Мать громко рассмеялась, но отец нахмурился и засопел носом, как в минуты сильного гнева.

— Прекрати дурацкий смех! — резко остановил он жену. — Неужели ты не понимаешь, что он говорит? Это же цинизм!

— Он говорит правду, и ты сам это отлично знаешь, — обиженно поджимая губы, огрызнулась жена.

— Па! Мы здесь одни, — мягко сказал Игорь. — Нас никто не слышит, и можно говорить откровенно.

— Вот как! Значит, ты считаешь, что, когда меня кто-нибудь слушает, я говорю иначе… иначе, чем думаю?

— Как и многие другие. Ты не одинок.

— И напрасно ты сердишься, Вита, — снова вмешалась мать. — Надо смотреть правде в глаза. Большевики же не боятся правды. Твои слова?

— Какой правде? Что ты болтаешь!
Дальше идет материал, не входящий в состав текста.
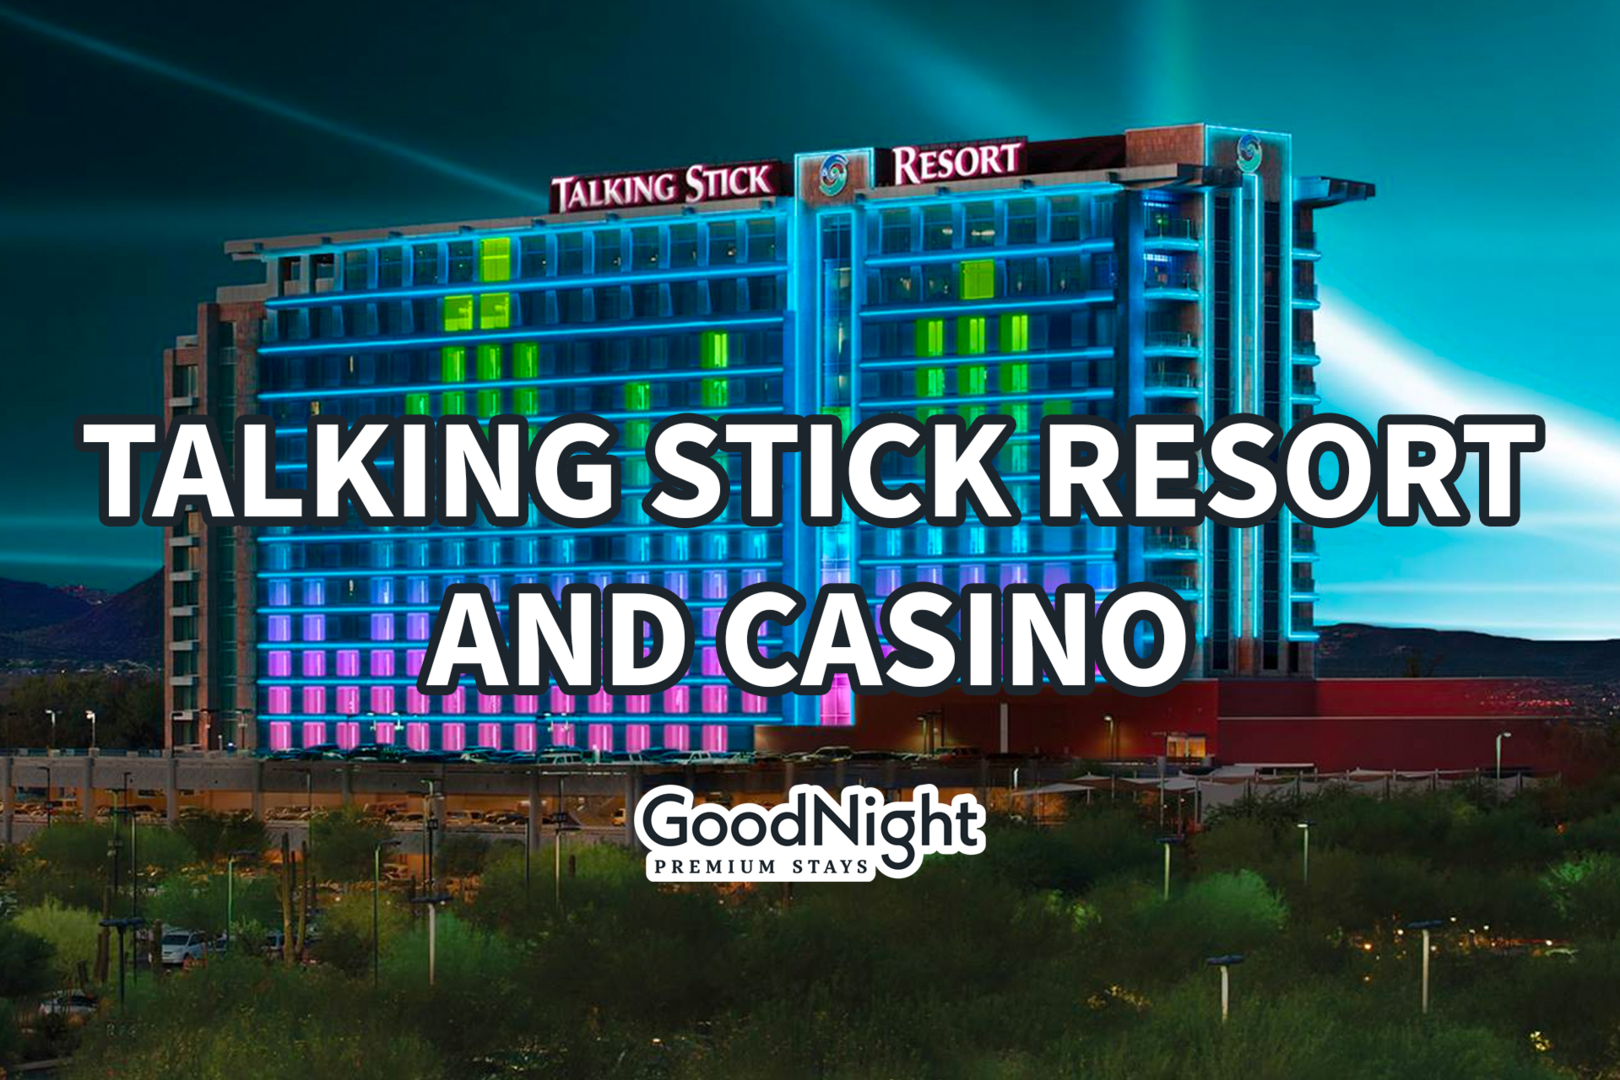 18 mins: Talking Stick Resort and Casino

Какой правде? Боже мой, сын в лицо нам говорит, что мы с тобой подлецы, лицемеры, а ты улыбаешься!

— А меня это нисколько не обижает.

Игорь с холодным любопытством наблюдал за отцом. Спокойный, уравновешенный, Виталий Павлович в семейных беседах обычно отделывался шутками, не придавая большого значения словам жены или сына. О политике разговаривать не приходилось. Затрагивались темы мелкие, бытовые, чаще всего о знакомых. В этих случаях бойкая речь, точные характеристики, даваемые Игорем, забавляли Виталия Павловича. Но сегодня он вдруг увидел сына под каким-то другим углом зрения.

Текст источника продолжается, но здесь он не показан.